INPUT
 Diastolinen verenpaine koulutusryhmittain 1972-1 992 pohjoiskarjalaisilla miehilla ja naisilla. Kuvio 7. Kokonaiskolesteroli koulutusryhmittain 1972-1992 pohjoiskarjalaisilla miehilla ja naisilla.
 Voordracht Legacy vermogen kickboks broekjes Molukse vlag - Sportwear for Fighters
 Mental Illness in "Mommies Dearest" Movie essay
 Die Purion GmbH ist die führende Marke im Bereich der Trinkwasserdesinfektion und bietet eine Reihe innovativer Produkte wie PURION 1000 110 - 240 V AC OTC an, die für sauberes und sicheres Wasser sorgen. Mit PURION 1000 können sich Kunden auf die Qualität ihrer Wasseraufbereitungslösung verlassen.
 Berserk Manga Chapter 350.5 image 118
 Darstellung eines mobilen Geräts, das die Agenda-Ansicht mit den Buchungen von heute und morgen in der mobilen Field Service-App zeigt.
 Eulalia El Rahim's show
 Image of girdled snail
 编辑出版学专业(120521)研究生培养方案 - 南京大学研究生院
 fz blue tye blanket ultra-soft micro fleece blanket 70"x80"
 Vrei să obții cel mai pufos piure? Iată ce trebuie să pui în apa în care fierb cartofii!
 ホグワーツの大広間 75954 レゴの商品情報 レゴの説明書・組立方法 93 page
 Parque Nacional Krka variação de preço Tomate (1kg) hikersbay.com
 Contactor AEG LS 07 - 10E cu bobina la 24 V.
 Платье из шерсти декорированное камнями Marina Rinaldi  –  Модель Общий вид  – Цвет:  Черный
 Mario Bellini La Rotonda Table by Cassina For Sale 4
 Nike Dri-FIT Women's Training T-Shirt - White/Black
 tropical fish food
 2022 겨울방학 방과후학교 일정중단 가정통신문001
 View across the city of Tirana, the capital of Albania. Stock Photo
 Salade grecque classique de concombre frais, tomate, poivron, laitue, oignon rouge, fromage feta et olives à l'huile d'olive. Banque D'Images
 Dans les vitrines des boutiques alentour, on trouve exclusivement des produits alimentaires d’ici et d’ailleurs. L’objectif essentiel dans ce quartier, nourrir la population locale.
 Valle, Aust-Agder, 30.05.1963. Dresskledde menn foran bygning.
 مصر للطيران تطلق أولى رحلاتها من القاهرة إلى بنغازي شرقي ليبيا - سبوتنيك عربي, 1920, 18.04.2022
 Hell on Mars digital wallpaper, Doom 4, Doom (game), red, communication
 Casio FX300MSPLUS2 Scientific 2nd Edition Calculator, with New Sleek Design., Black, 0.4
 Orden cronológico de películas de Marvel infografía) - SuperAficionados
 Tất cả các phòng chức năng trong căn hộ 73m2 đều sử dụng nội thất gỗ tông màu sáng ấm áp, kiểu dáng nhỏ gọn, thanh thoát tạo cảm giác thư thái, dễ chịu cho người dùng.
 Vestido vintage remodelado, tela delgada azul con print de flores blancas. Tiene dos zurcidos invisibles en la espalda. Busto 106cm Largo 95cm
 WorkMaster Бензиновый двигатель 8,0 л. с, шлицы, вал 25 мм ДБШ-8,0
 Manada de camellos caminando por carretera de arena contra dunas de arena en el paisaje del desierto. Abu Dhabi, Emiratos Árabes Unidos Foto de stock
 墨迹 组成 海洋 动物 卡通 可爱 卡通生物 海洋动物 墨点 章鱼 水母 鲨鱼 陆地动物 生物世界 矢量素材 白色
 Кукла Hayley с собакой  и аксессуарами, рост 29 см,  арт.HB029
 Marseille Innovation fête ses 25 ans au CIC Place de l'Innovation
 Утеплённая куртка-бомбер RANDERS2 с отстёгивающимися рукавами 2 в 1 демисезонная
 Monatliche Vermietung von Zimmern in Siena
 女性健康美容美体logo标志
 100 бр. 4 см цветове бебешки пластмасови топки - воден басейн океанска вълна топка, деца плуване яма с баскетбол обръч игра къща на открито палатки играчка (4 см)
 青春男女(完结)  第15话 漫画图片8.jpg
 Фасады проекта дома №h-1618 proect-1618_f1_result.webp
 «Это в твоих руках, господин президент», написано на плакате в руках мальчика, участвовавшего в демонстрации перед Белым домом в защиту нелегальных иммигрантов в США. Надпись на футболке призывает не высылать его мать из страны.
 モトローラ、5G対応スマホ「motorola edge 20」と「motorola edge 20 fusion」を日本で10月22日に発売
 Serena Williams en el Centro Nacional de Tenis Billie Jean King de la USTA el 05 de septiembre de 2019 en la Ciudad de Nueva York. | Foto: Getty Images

WHAT THE TASK ASKS
Take the listing from its first line to the line containing "Mental Illness in". Reproduce those lines exactly and nothing else.

RESULT FOR THIS EXERCISE
 Diastolinen verenpaine koulutusryhmittain 1972-1 992 pohjoiskarjalaisilla miehilla ja naisilla. Kuvio 7. Kokonaiskolesteroli koulutusryhmittain 1972-1992 pohjoiskarjalaisilla miehilla ja naisilla.
 Voordracht Legacy vermogen kickboks broekjes Molukse vlag - Sportwear for Fighters
 Mental Illness in "Mommies Dearest" Movie essay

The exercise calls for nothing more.